Screenshot 5_keyword search optimization

Screenshot 5: search result showing the first 7 keywords

Screenshot 6_search result showing the 8th to 23rd keywords

Screenshot 6: search result showing the 8th to 23rd keywords

Now, assume you are the person producing/writing the article, and follow the instructions below:

  • Think and concentrate on the exact type of article you want to write about, and write the main keyword and title down. You might not get the exact title you want at the beginning, but first, just write something important down, especially the keyword. The title should have an important specific word (or keywords). In this example, I am affiliate marketer who wants to genuinely encourage people to sign up with WordPress.com because of the obvious benefits/advantages, and stats; so I’ve decided to write a detailed and convincing article explaining why WordPress.com is better than WordPress.org. The thing to note is that WordPress.com is the main keyword here; so go to the next step: search for other “related” keywords associated with WordPress.com searches/queries by search engine users. Generally, the aim is to create an article that will provide a higher number of people with quality information when they type various related long-tail keywords on internet, or search engines.
  • Type “WordPress.com” in the search box and wait a moment for results to unfold.
  • In “Screenshot 5”, you will notice 7 keywords arranged in decreasing order of search volume stats (which are hidden by the website) from top to bottom. It is not so important to know what the actual search volume stats are; rather, the most important information to take away from the search is that globally, the first keyword (WordPress.com themes), is the most searched keyword (or “long-tail keyword”), while “WordPress.com pricing” is the second most searched keyword; and the list goes on.
  • If you think the first set of keywords are not too relevant to the content you want to produce, then do a better or broader job by going beyond the first 7 (or even first 10) keywords. Look at more keywords by going further below; so take a look at “Screenshot 6” where you can see the 8th placed keyword, up to the 23rd placed one: “WordPress.com themes”, “WordPress.com dashboard”, etc.
  • Out of the first 5, 10, or 20 most searched keywords, select just a few that you know will be relevant to the content you want to produce for people to find, or read/view. The more keywords you select and use, the more easier it will be for many people to find your articles via search engines. One of the keywords that would likely benefit a WordPress.com affiliate the most is the third most searched keyword which is “WordPress.com vs WordPress.org”. And that’s what this article is centered on, with an edge that explains the benefits of using WordPress.com, and why people should sign up.
  • Use the keywords in your content as subtitles and make them bold and a bit larger so that even scanners (people who hurriedly scan content) can still be attracted to one or two subtitles which can draw their attention in, and finally make them read the whole article.
  • Finally, write a relevant and information-rich article, and ensure that the main keywords are in each (or at least some) of the sub-titles or sub-headings.
  • Alternatively, you could write different articles, with each article concentrating only on one keyword—one article for one keyword. But if you choose this option, you will have to write several articles in order to cover many keywords.

Note:

  • In order to get the best results, use bold subtitles and make sure keywords are placed in some of them, if not all.
  • Make sure articles are informative, clearly expressed, and contain good grammar and punctuation (depending on the language used).
  • Place sufficient white space in your content because most people find it difficult to continuously read or concentrate on content that leaves no breathing space or pauses for the flow of their trending thoughts.
  • Be patient because, even after getting verified on Google search console, it usually takes Google time to index a site; say from somewhere between a few days, and some weeks.

Conclusion

If you use a keyword optimization tool website, and follow the above instructions, it will be easy to carry out keyword search & analysis, structure your internet marketing agenda, and continuously attract the broadest base of any type of audience.

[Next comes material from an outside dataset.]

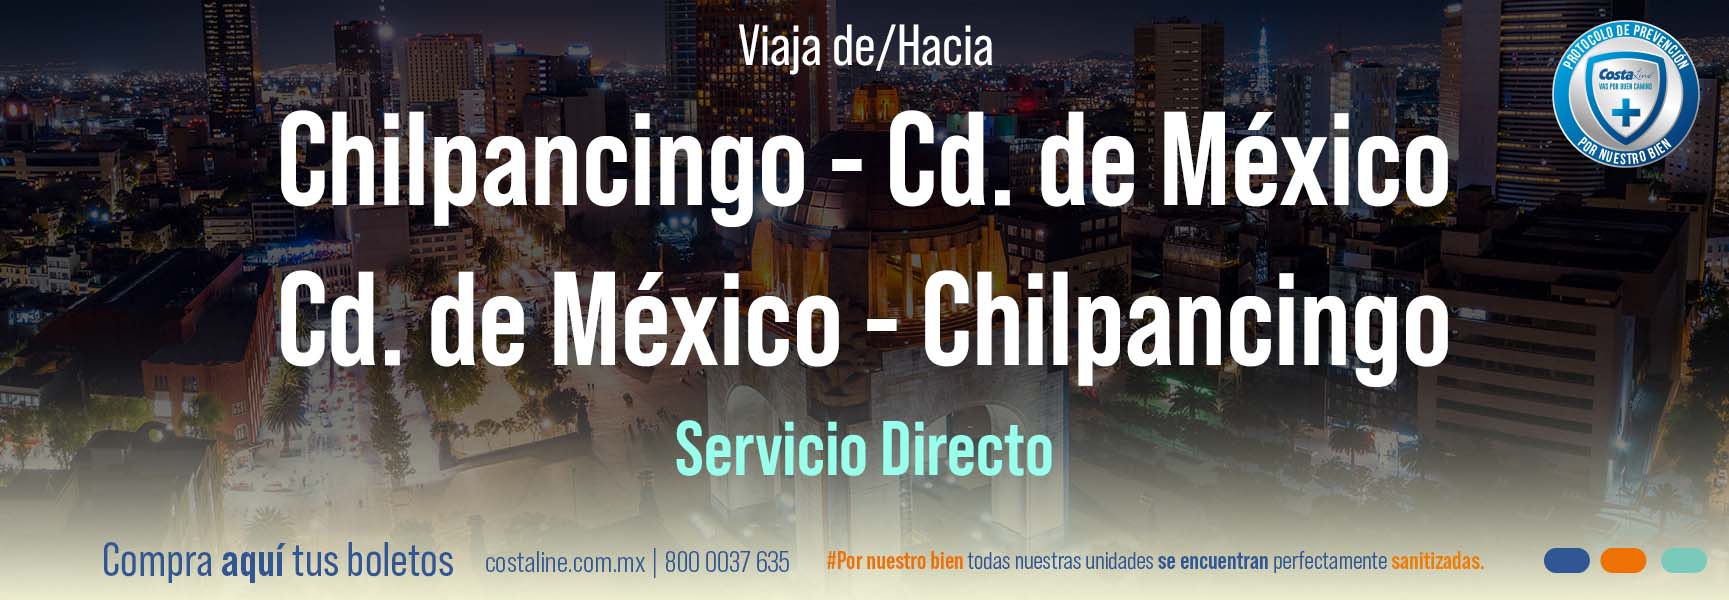 Viaja en servicio directo de Chilpancigo a la Ciudad de México.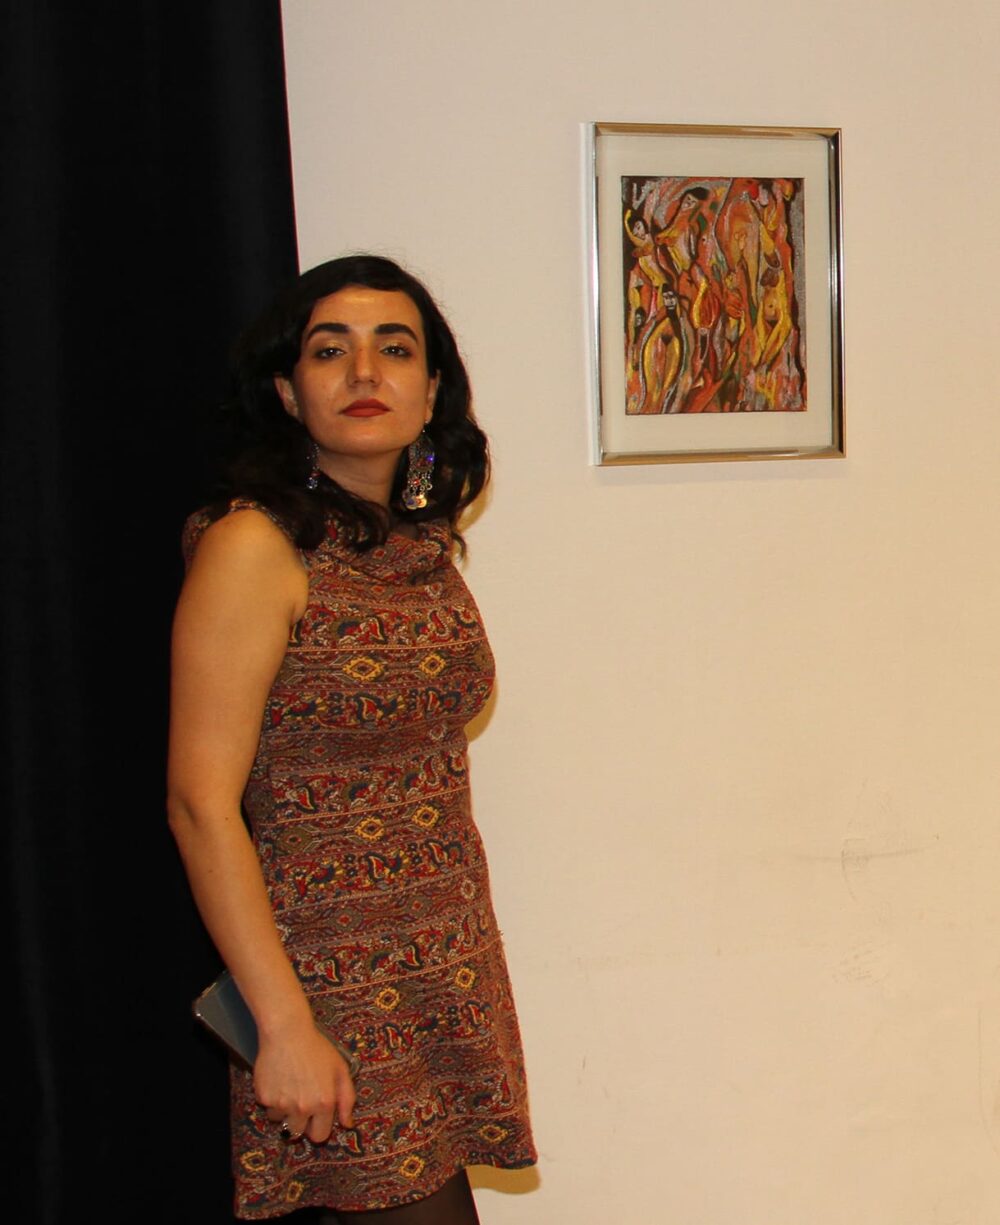 Die Künstlerin Maryam Haidari mit Bildern ihrer Ausstellung

Note first that it’s important to verify your site on Google search console in order to gain access to insightful stats that can sharpen your keyword search optimization strategy. You can do verification through your site’s WordPress.com dashboard, or here.

Because of the extra effort involved in applying keyword search optimization, most site owners, marketers and bloggers don’t find time to optimize keywords in their content.

This is not always good because the absence of keywords and keyword search optimization can negatively impact a site’s search engine optimization (SEO) and pay-per-click (PPC) status/results, respectively. If you don’t choose and use the types of keywords that are often sought after, it might be a bit difficult for your content to be found on the wider internet base. That means lesser, little or no traffic; and lesser, little or no views, sales and money as well—especially if, in addition to the absence of keywords, you don’t have a solid base on social media platforms.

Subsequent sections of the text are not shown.